My program is too slow. How do I speed it up?
---------------------------------------------
That's a tough one, in general. There are many tricks to speed up Python code;
consider rewriting parts in C as a last resort.
`Cython <http://cython.org>`_ and `Pyrex <http://www.cosc.canterbury.ac.nz/~greg/python/Pyrex/>`_
can compile a slightly modified version of Python code into a C extension, and
can be used on many different platforms. Depending on your code, Cython
may be able to make it significantly faster than when run by the Python
interpreter.
The rest of this answer will discuss various tricks for squeezing a bit more
speed out of Python code. *Never* apply any optimization tricks unless you know
you need them, after profiling has indicated that a particular function is the
heavily executed hot spot in the code. Optimizations almost always make the
code less clear, and you shouldn't pay the costs of reduced clarity (increased
development time, greater likelihood of bugs) unless the resulting performance
benefit is worth it.
There is a page on the wiki devoted to `performance tips
<http://wiki.python.org/moin/PythonSpeed/PerformanceTips>`_.
Guido van Rossum has written up an anecdote related to optimization at
http://www.python.org/doc/essays/list2str.html.

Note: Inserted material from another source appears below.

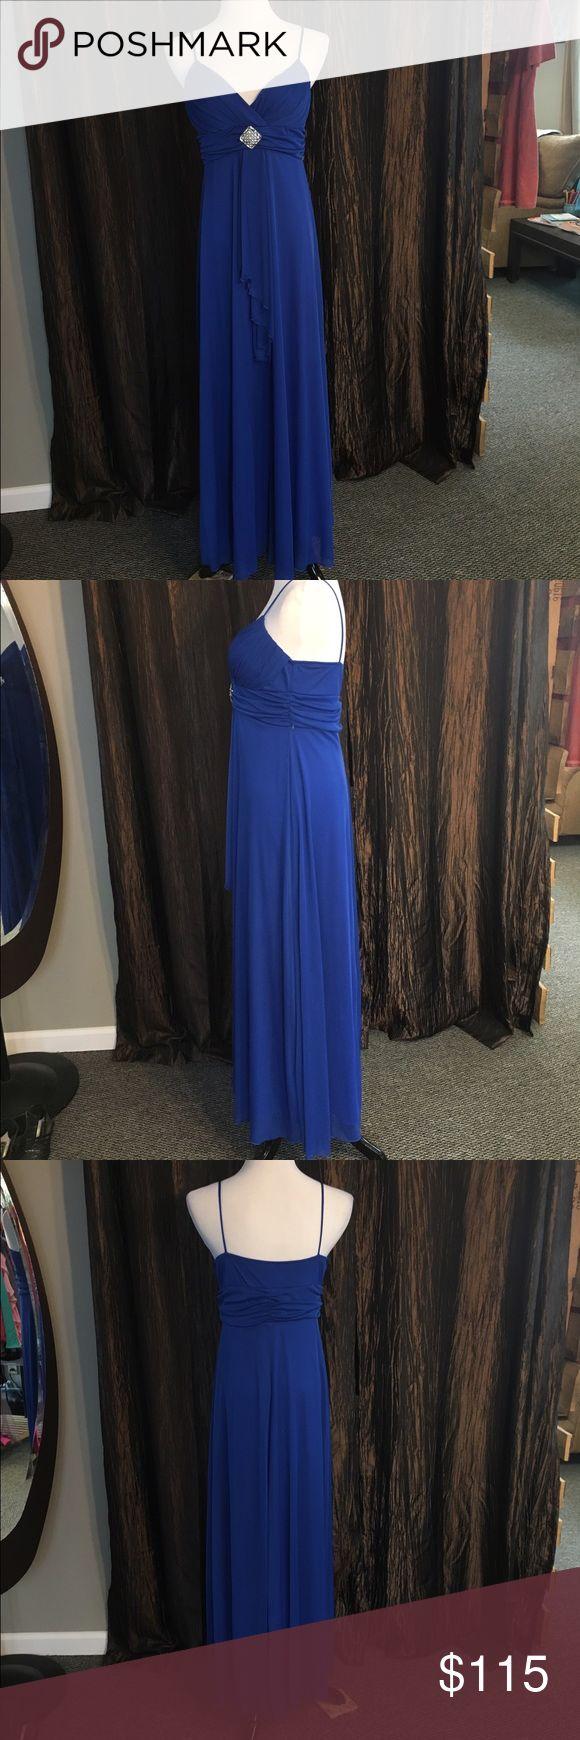 B smart long dresses 40s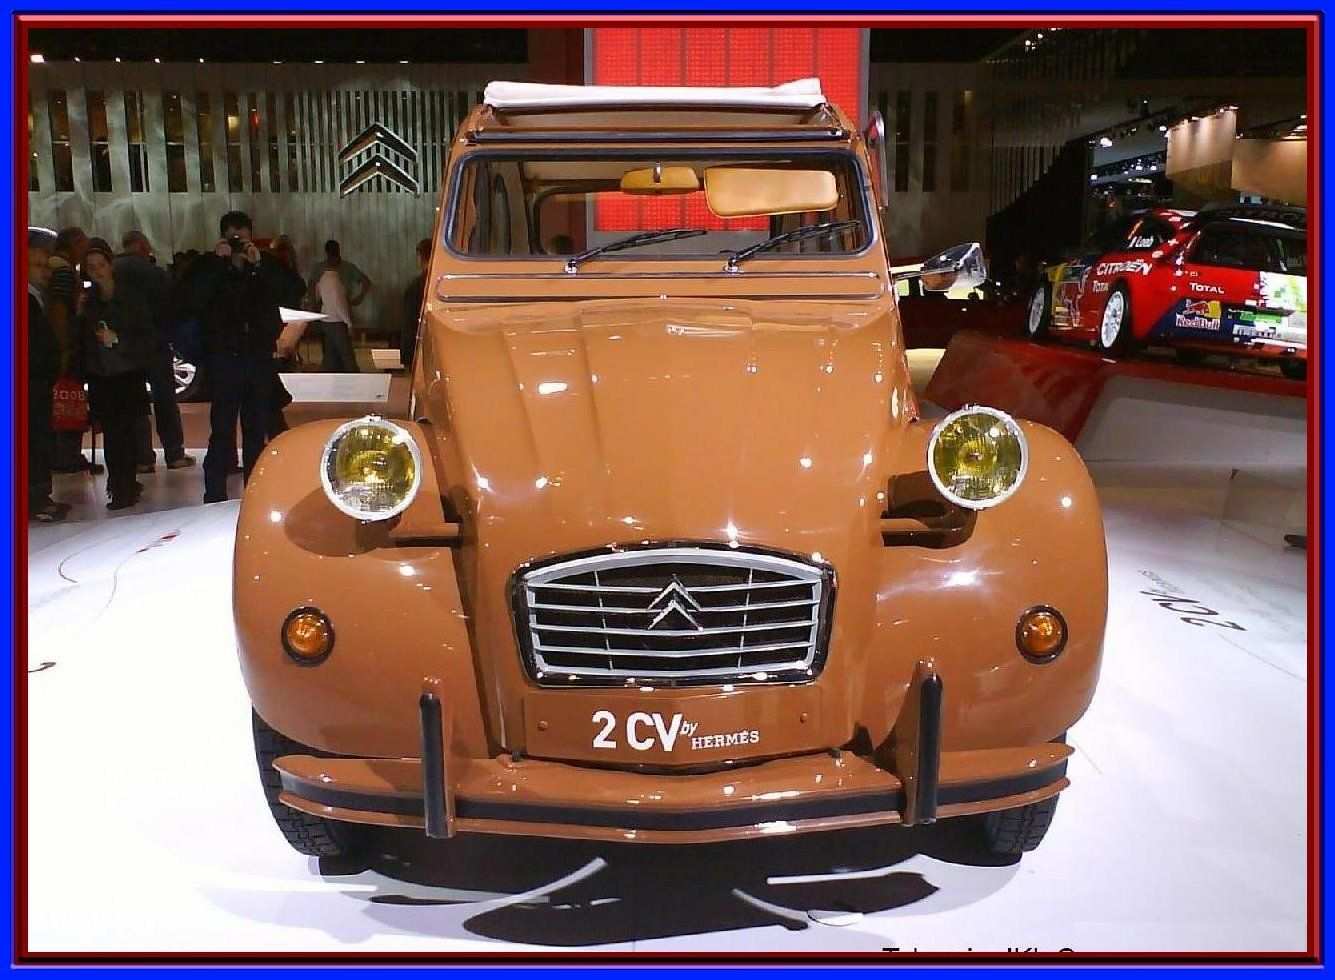 voiture 2 cv

One thing to notice is that function and (especially) method calls are rather
expensive; if you have designed a purely OO interface with lots of tiny
functions that don't do much more than get or set an instance variable or call
another method, you might consider using a more direct way such as directly
accessing instance variables. Also see the standard module :mod:`profile` which
makes it possible to find out where your program is spending most of its time
(if you have some patience -- the profiling itself can slow your program down by
an order of magnitude).
Remember that many standard optimization heuristics you may know from other
programming experience may well apply to Python. For example it may be faster
to send output to output devices using larger writes rather than smaller ones in
order to reduce the overhead of kernel system calls. Thus CGI scripts that
write all output in "one shot" may be faster than those that write lots of small
pieces of output.
Also, be sure to use Python's core features where appropriate. For example,
slicing allows programs to chop up lists and other sequence objects in a single
tick of the interpreter's mainloop using highly optimized C implementations.

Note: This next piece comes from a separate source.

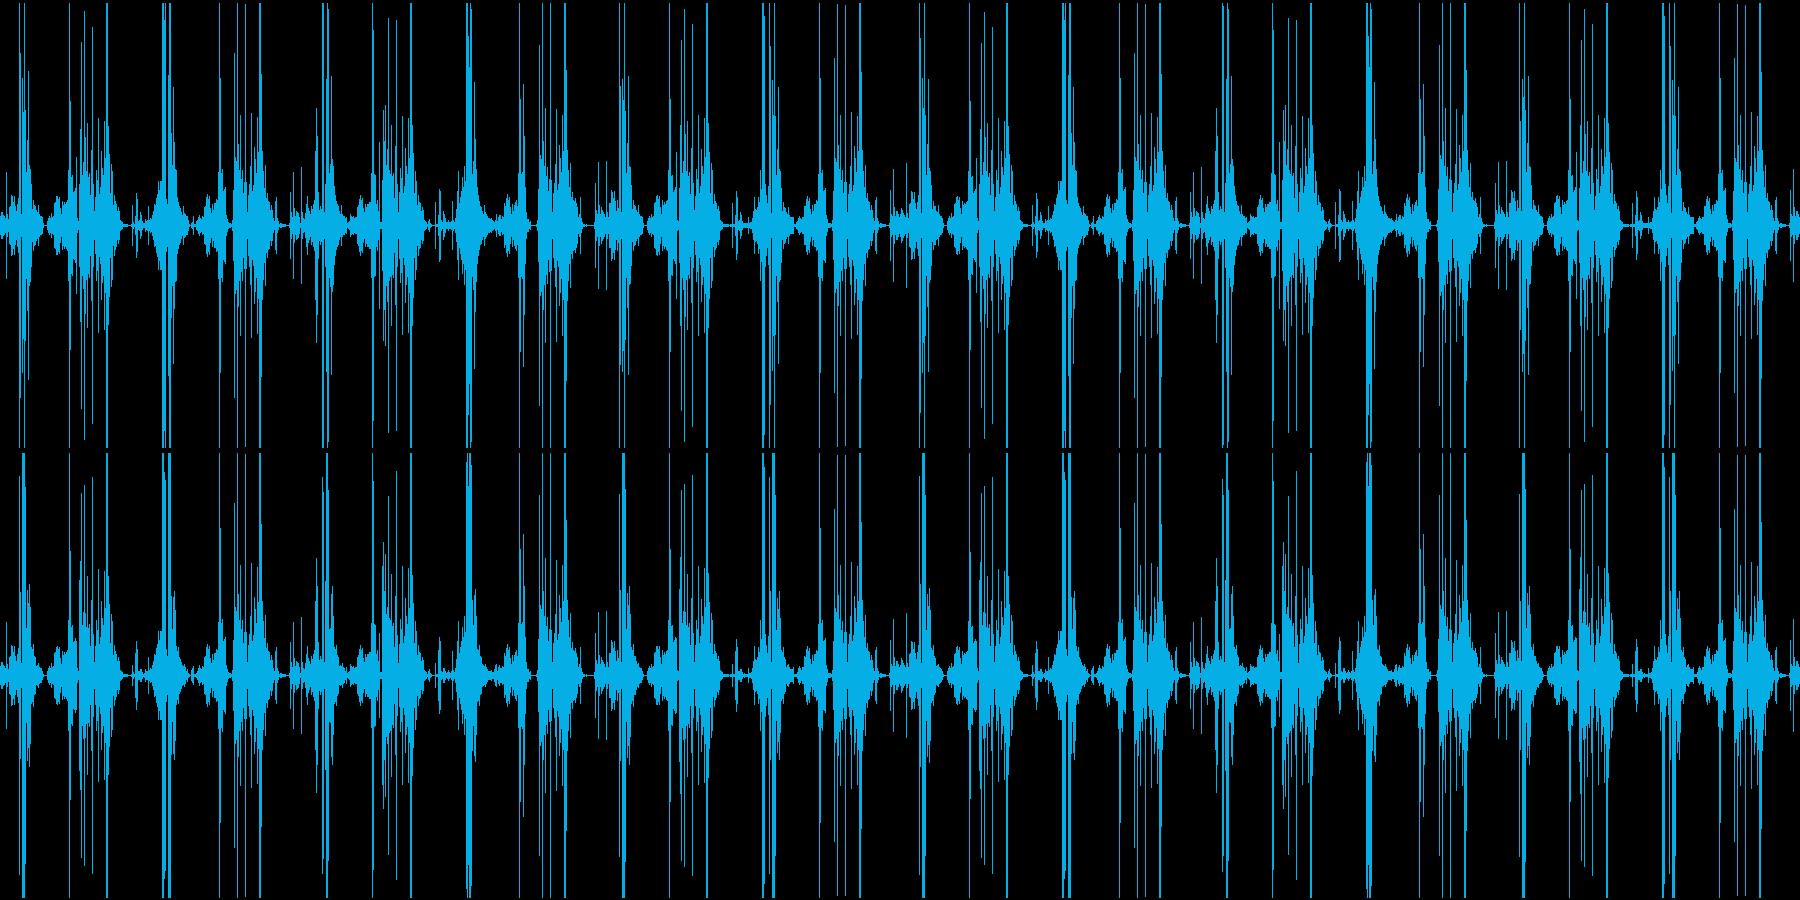 ファンタジー作品向けヘンテコ機械稼働音の再生済みの波形

Thus to get the same effect as::
L2 = []
for i in range(3):
L2.append(L1[i])
it is much shorter and far faster to use ::
L2 = list(L1[:3]) # "list" is redundant if L1 is a list.
Note that the functionally-oriented built-in functions such as :func:`map`,
:func:`zip`, and friends can be a convenient accelerator for loops that
perform a single task. For example to pair the elements of two lists
together::
>>> list(zip([1, 2, 3], [4, 5, 6]))
[(1, 4), (2, 5), (3, 6)]
or to compute a number of sines::
>>> list(map(math.sin, (1, 2, 3, 4)))
[0.841470984808, 0.909297426826, 0.14112000806, -0.756802495308]

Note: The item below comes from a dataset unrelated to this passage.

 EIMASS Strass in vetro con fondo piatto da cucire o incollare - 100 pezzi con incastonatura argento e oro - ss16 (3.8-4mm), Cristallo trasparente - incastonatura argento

The operation completes very quickly in such cases.
Other examples include the ``join()`` and ``split()`` :ref:`methods
of string objects <string-methods>`.
For example if s1..s7 are large (10K+) strings then
``"".join([s1,s2,s3,s4,s5,s6,s7])`` may be far faster than the more obvious
``s1+s2+s3+s4+s5+s6+s7``, since the "summation" will compute many
subexpressions, whereas ``join()`` does all the copying in one pass. For
manipulating strings, use the ``replace()`` and the ``format()`` :ref:`methods
on string objects <string-methods>`. Use regular expressions only when you're
not dealing with constant string patterns.
Be sure to use the :meth:`list.sort` built-in method to do sorting, and see the
`sorting mini-HOWTO <http://wiki.python.org/moin/HowTo/Sorting>`_ for examples
of moderately advanced usage. :meth:`list.sort` beats other techniques for
sorting in all but the most extreme circumstances.
Another common trick is to "push loops into functions or methods." For example
suppose you have a program that runs slowly and you use the profiler to
determine that a Python function ``ff()`` is being called lots of times. If you
notice that ``ff()``::
def ff(x):
... # do something with x computing result...
return result
tends to be called in loops like::
list = map(ff, oldlist)
or::
for x in sequence:
value = ff(x)
... # do something with value...
then you can often eliminate function call overhead by rewriting ``ff()`` to::
def ffseq(seq):
resultseq = []
for x in seq:
... # do something with x computing result...
resultseq.append(result)
return resultseq
and rewrite the two examples to ``list = ffseq(oldlist)`` and to::
for value in ffseq(sequence):
... # do something with value...
Single calls to ``ff(x)`` translate to ``ffseq([x])[0]`` with little penalty.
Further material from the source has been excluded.